Task details: When a picture appears in the listing, leave it out and copy the rest exactly as it stands.

Supplied information:
★ ★ ★ ★ ★ ★ ★

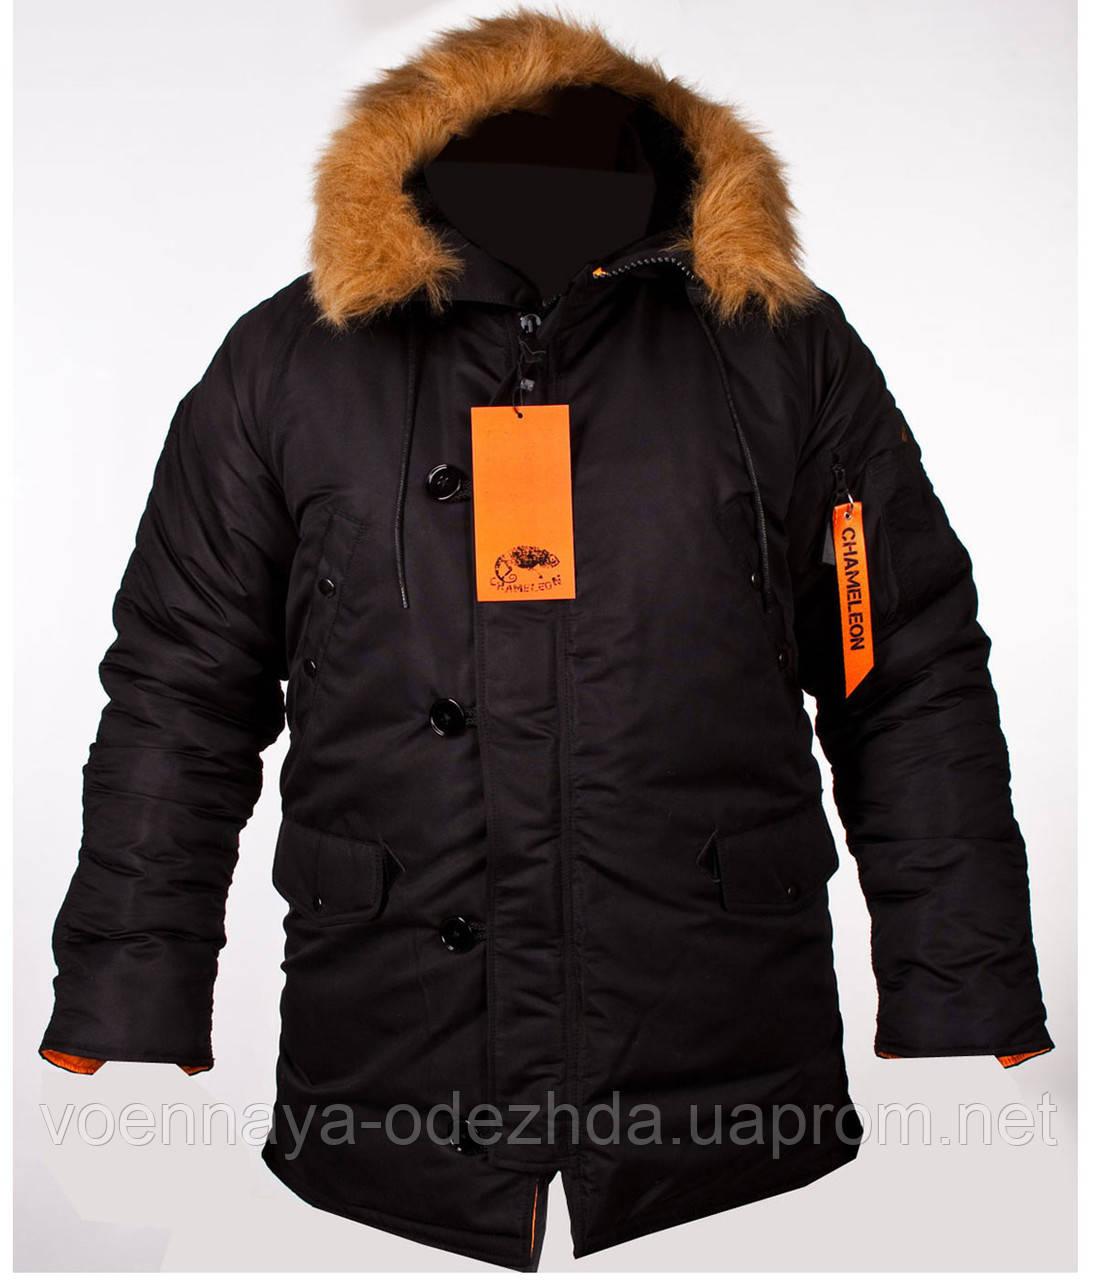 N 3b Chameleon Куртка з...
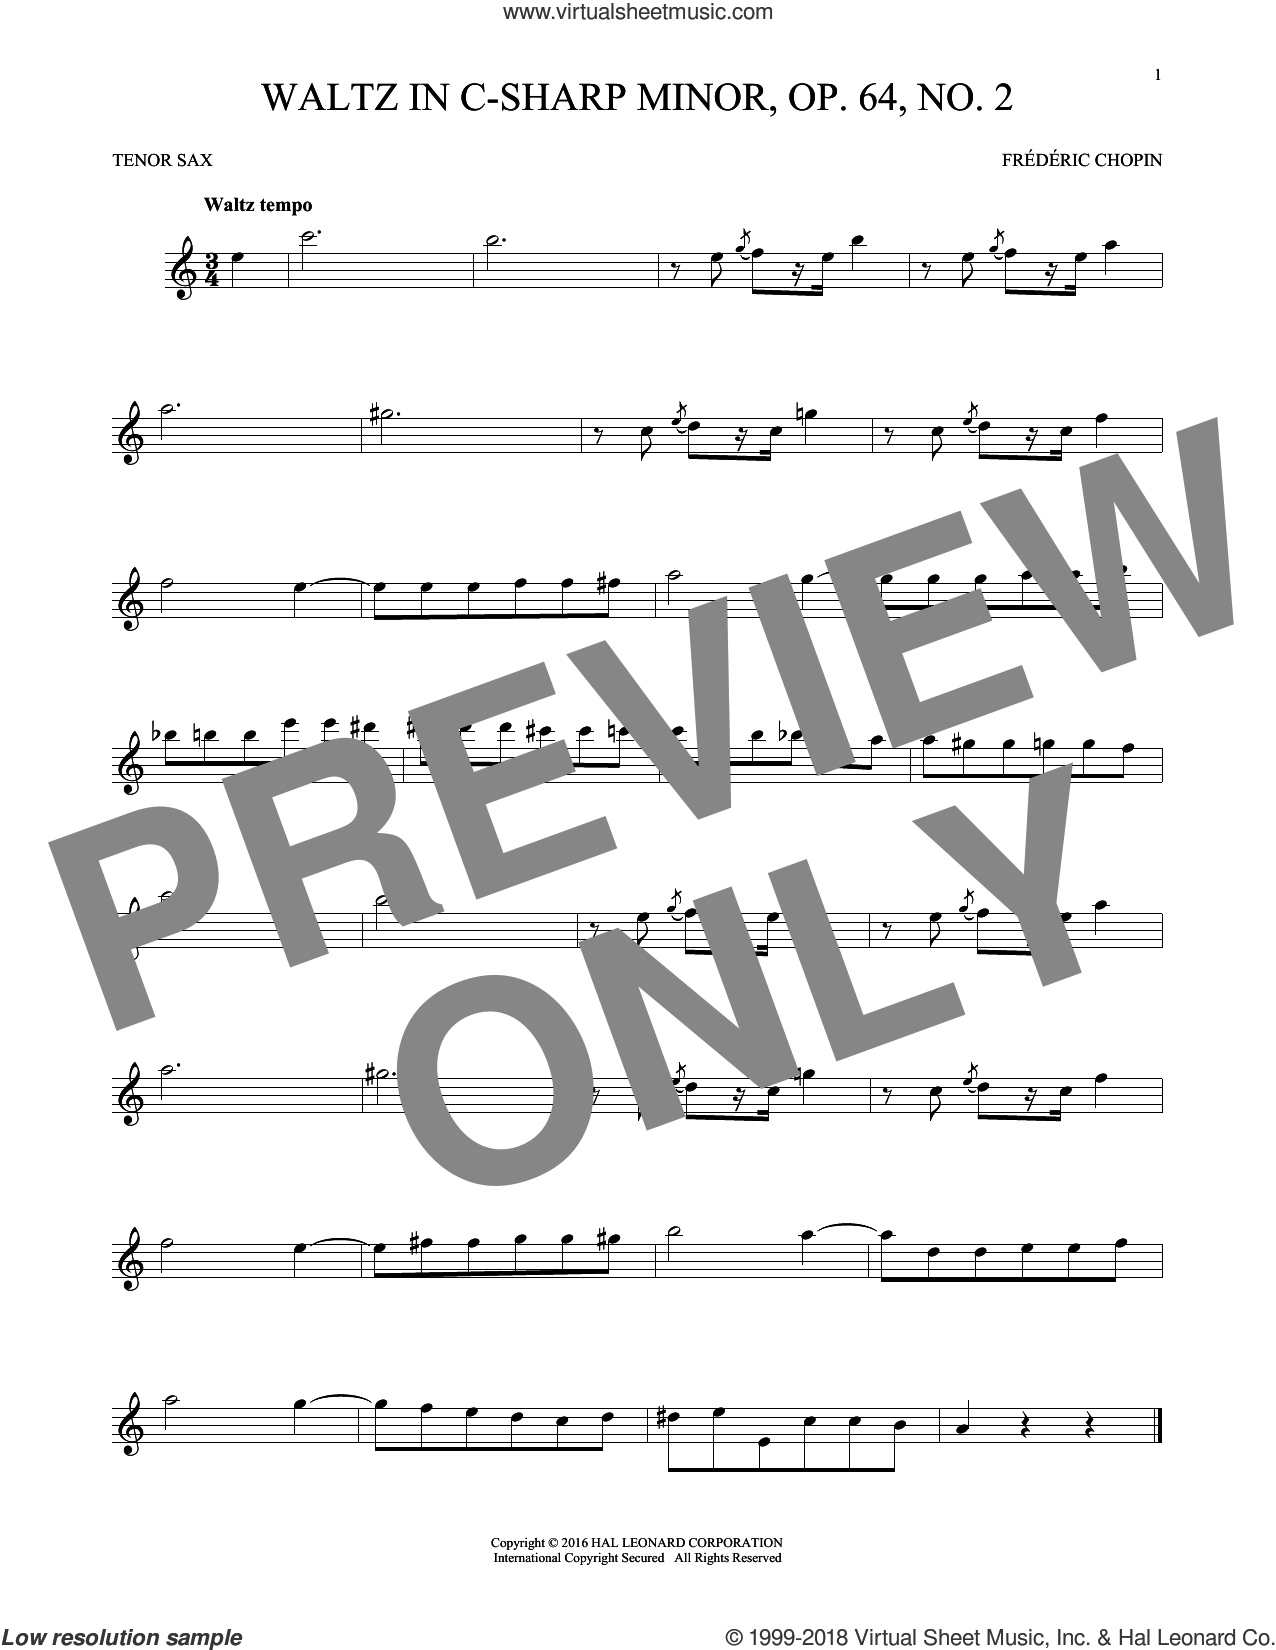 Waltz In C-Sharp Minor, Op. 64, No. 2 sheet music for tenor saxophone solo by Frederic Chopin, classical score, intermediate skill level
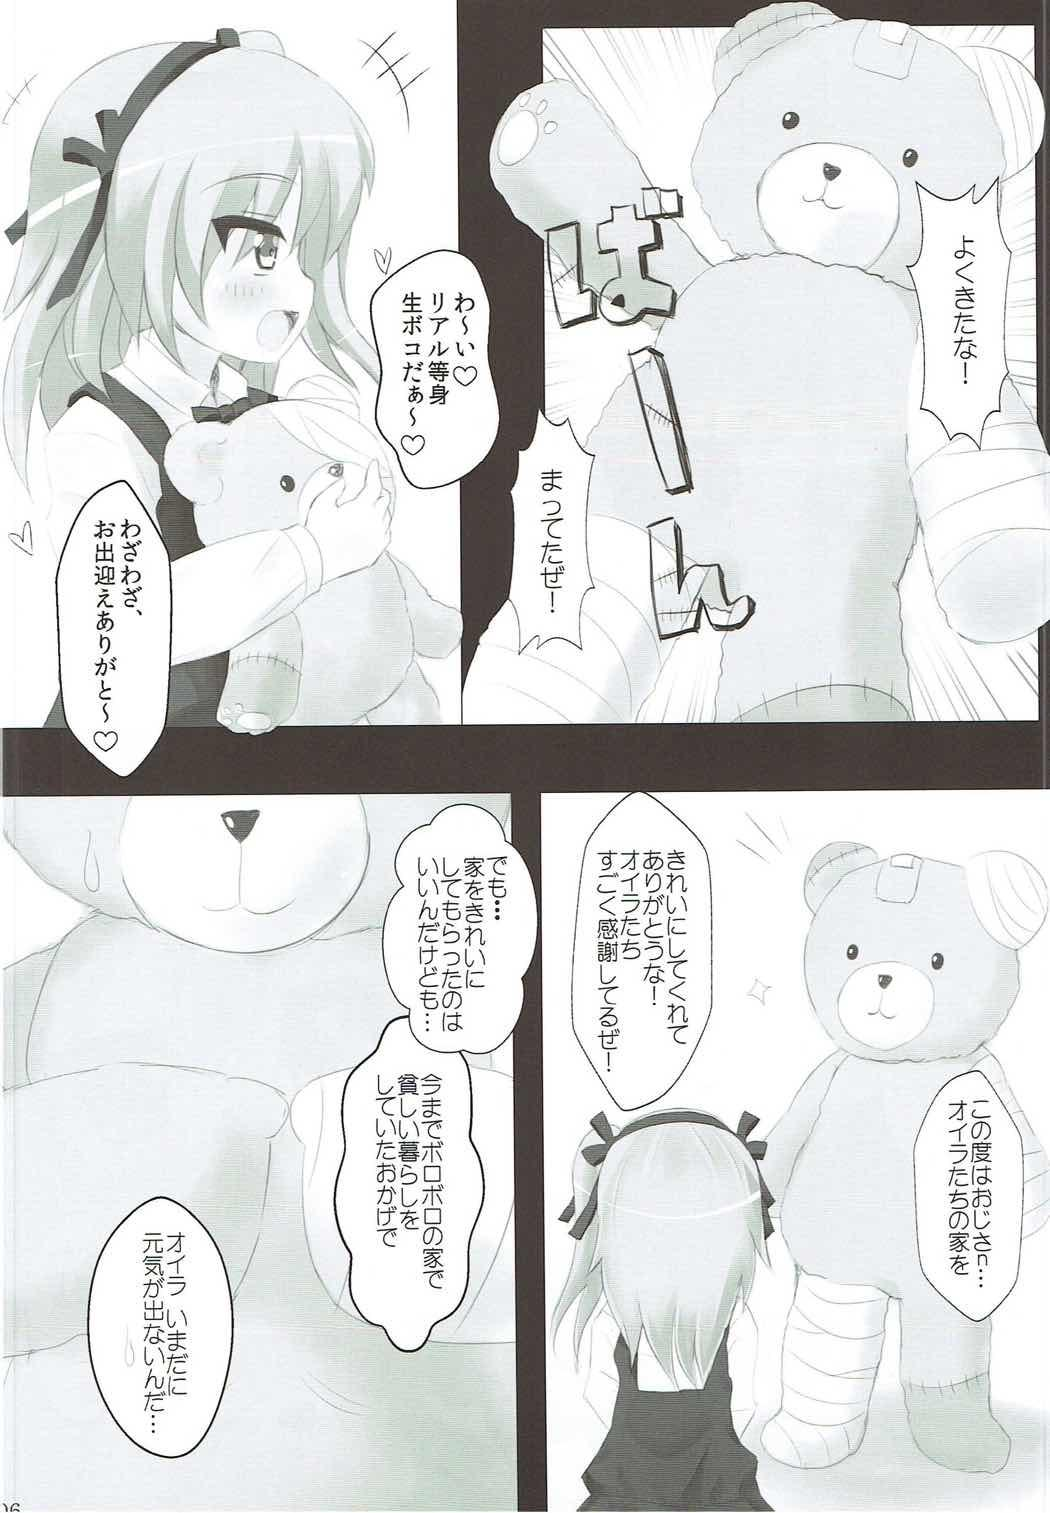 Arisu-chan to Kigurumi Sex 4

★ ★ ★ ★ ★ ★ ★

Answer space:
 N 3b Chameleon Куртка з...
 Waltz In C-Sharp Minor, Op. 64, No. 2 sheet music for tenor saxophone solo by Frederic Chopin, classical score, intermediate skill level
 Arisu-chan to Kigurumi Sex 4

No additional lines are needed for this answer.